Where the listing below reaches the line containing "A Beach With Chairs And Umbrellas", start writing out lines exactly, and stop once the line containing "guess clear cut" has been written.

* _Recorded information_
* * * *

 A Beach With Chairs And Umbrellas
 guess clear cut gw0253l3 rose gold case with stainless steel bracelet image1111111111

* * * *

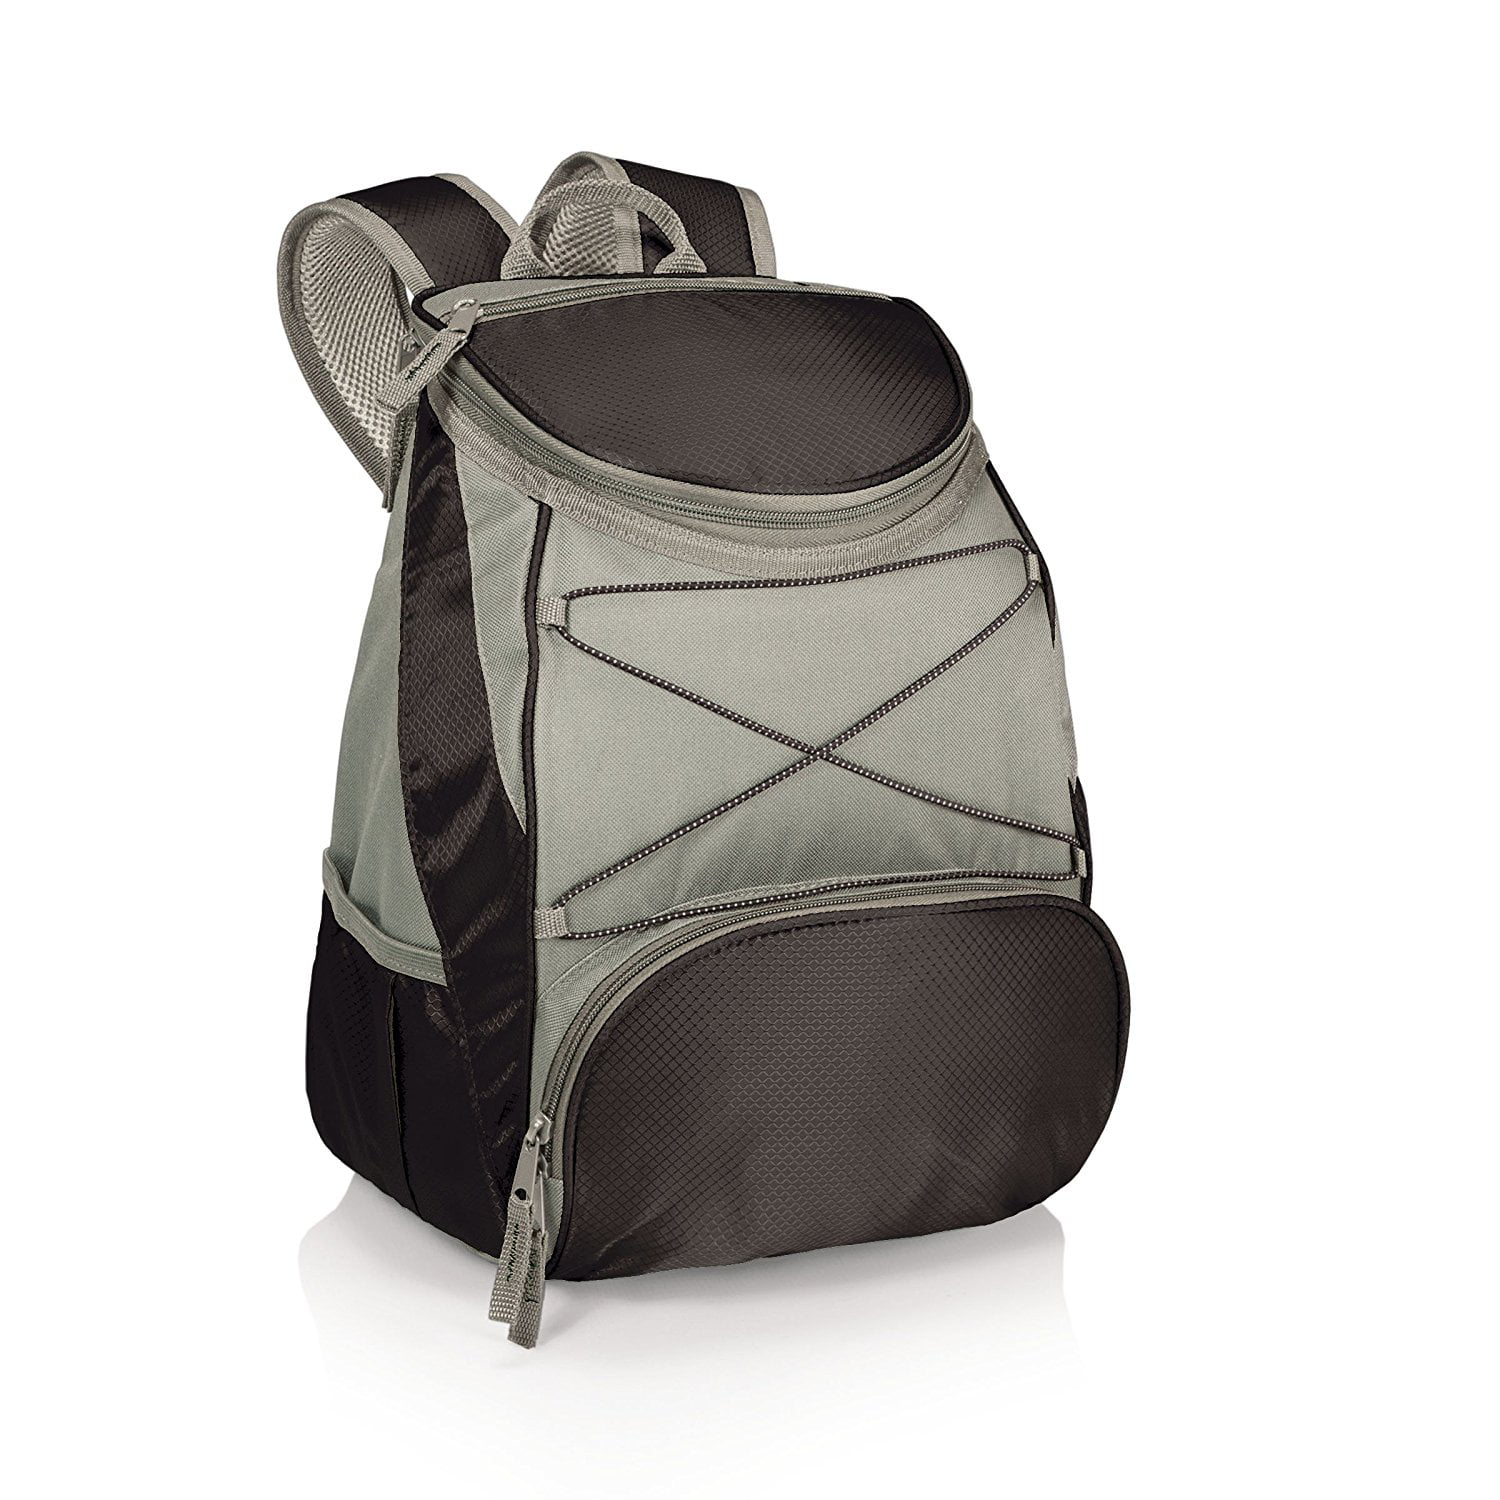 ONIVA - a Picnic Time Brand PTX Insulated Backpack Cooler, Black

* * * *

* _Result of the exercise_
 A Beach With Chairs And Umbrellas
 guess clear cut gw0253l3 rose gold case with stainless steel bracelet image1111111111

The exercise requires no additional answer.